Spastic Paraplegia 7

In: GeneReviews® [Internet]. Seattle (WA): University of Washington, Seattle; 1993.
[updated ].


Clinical characteristics: Spastic paraplegia 7 (SPG7) is characterized by insidiously progressive bilateral leg weakness and spasticity. Most affected individuals have decreased vibration sense and cerebellar signs. Onset is mostly in adulthood, although symptoms may start as early as age 11 years and as late as age 72 years. Additional features including ataxia (gait and limbs), spastic dysarthria, dysphagia, pale optic disks, ataxia, nystagmus, strabismus, ptosis, hearing loss, motor and sensory neuropathy, amyotrophy, scoliosis, pes cavus, and urinary sphincter disturbances may be observed.

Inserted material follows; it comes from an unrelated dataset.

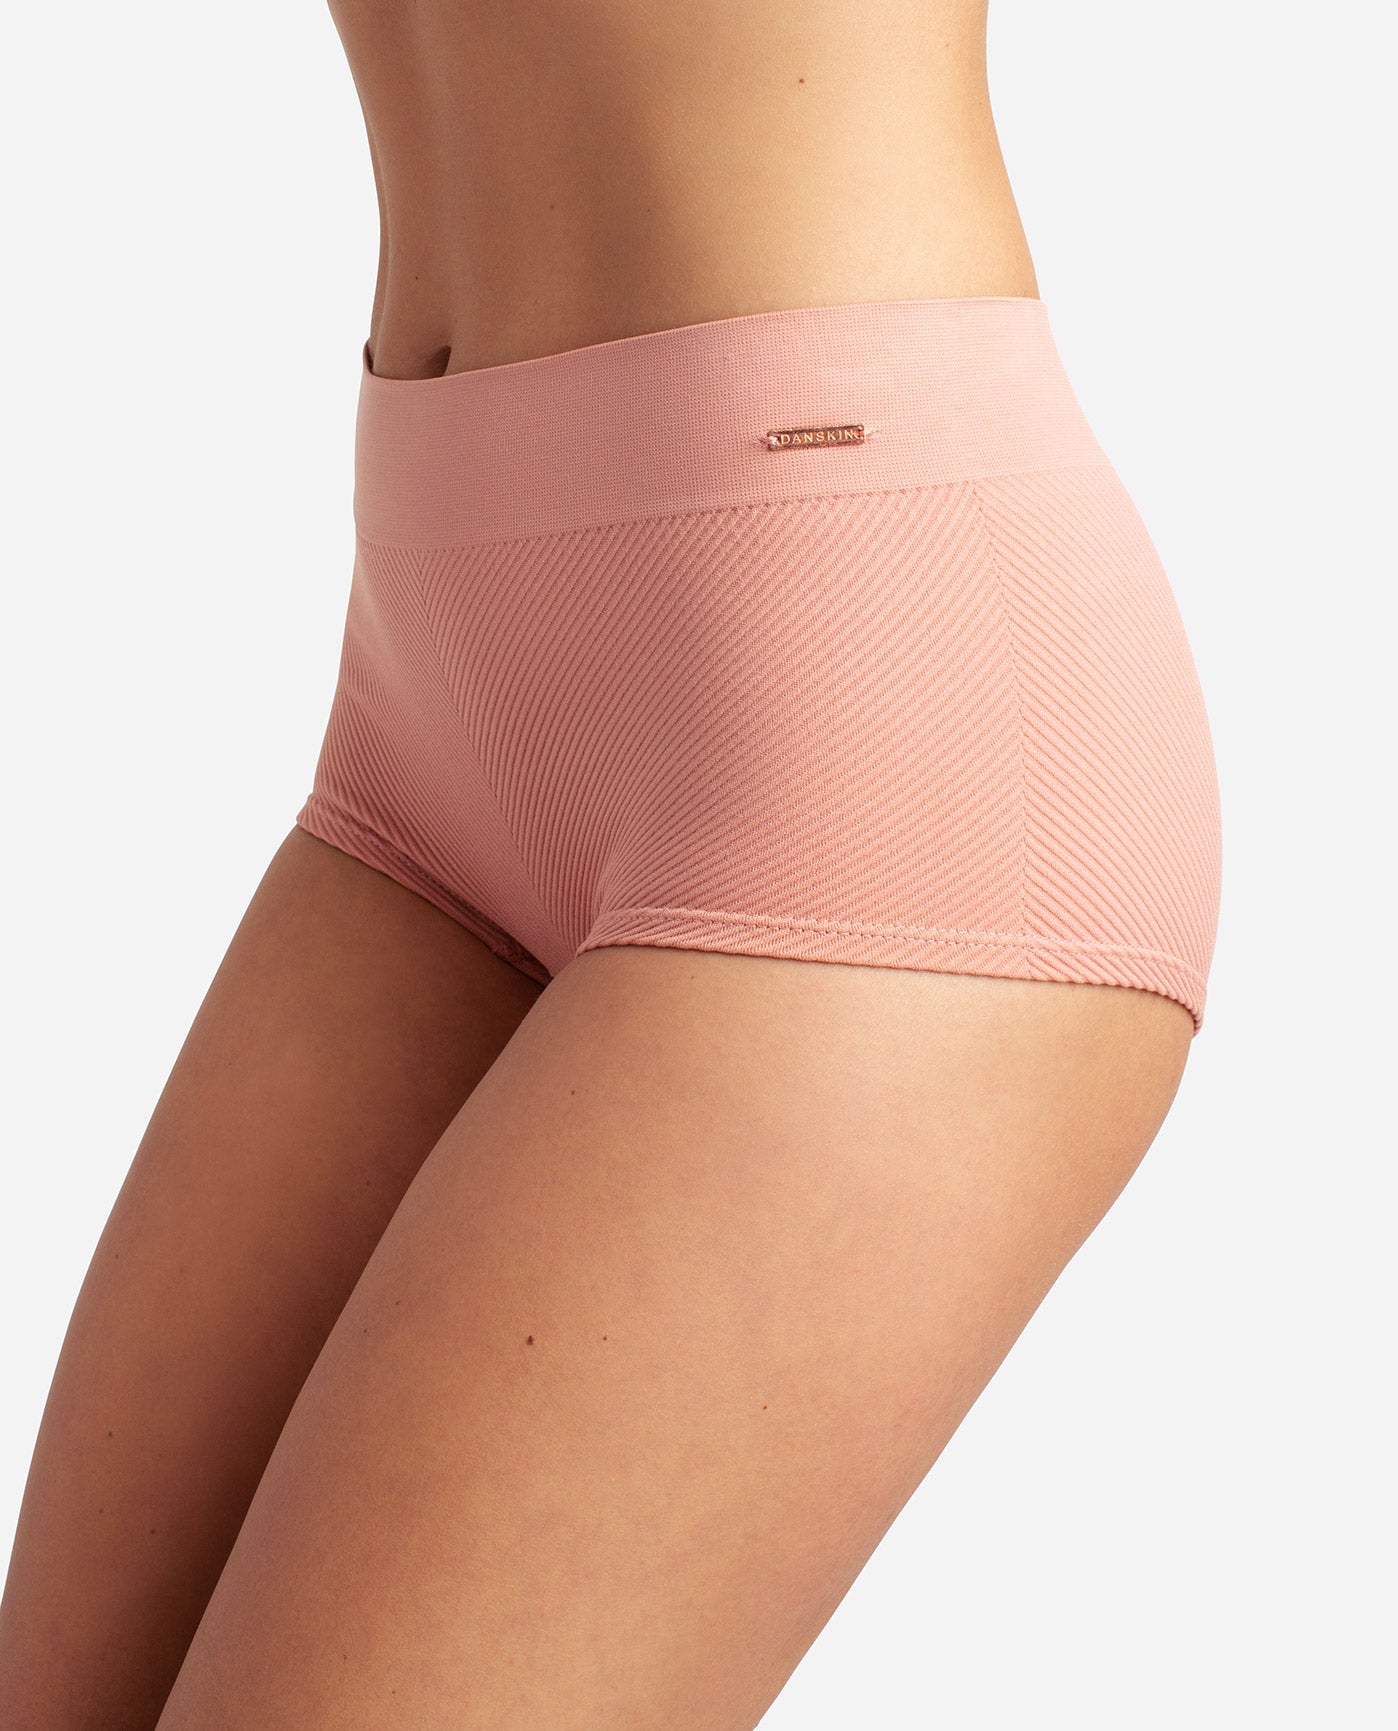 Danskin Brushed Microfiber Panties - 5-Pack, Boy Leg Cut - Save 64%

Diagnosis/testing: The diagnosis of SPG7 is established in a proband with typical clinical findings and biallelic pathogenic variants in SPG7 identified by molecular genetic testing.

Management: Treatment of manifestations: Drugs that may reduce spasticity and muscle tightness include baclofen, tizanidine, dantrolene, and diazepam. Physical therapy and assistive walking devices often reduce contractures, provide support, and promote stability. Occupational therapy and speech therapy help with activities of daily living.

Surveillance: Annual neurologic evaluation to identify potential complications of spasticity, such as contractures.

Genetic counseling: SPG7 is inherited in an autosomal recessive manner. Heterozygotes (carriers) are usually asymptomatic. Each sib of an affected individual has a 25% chance of being affected, a 50% chance of being an asymptomatic carrier, and a 25% chance of being unaffected and not a carrier. Carrier testing for at-risk relatives, prenatal testing for a pregnancy at increased risk and preimplantation genetic testing are possible if both pathogenic alleles have been identified in the family.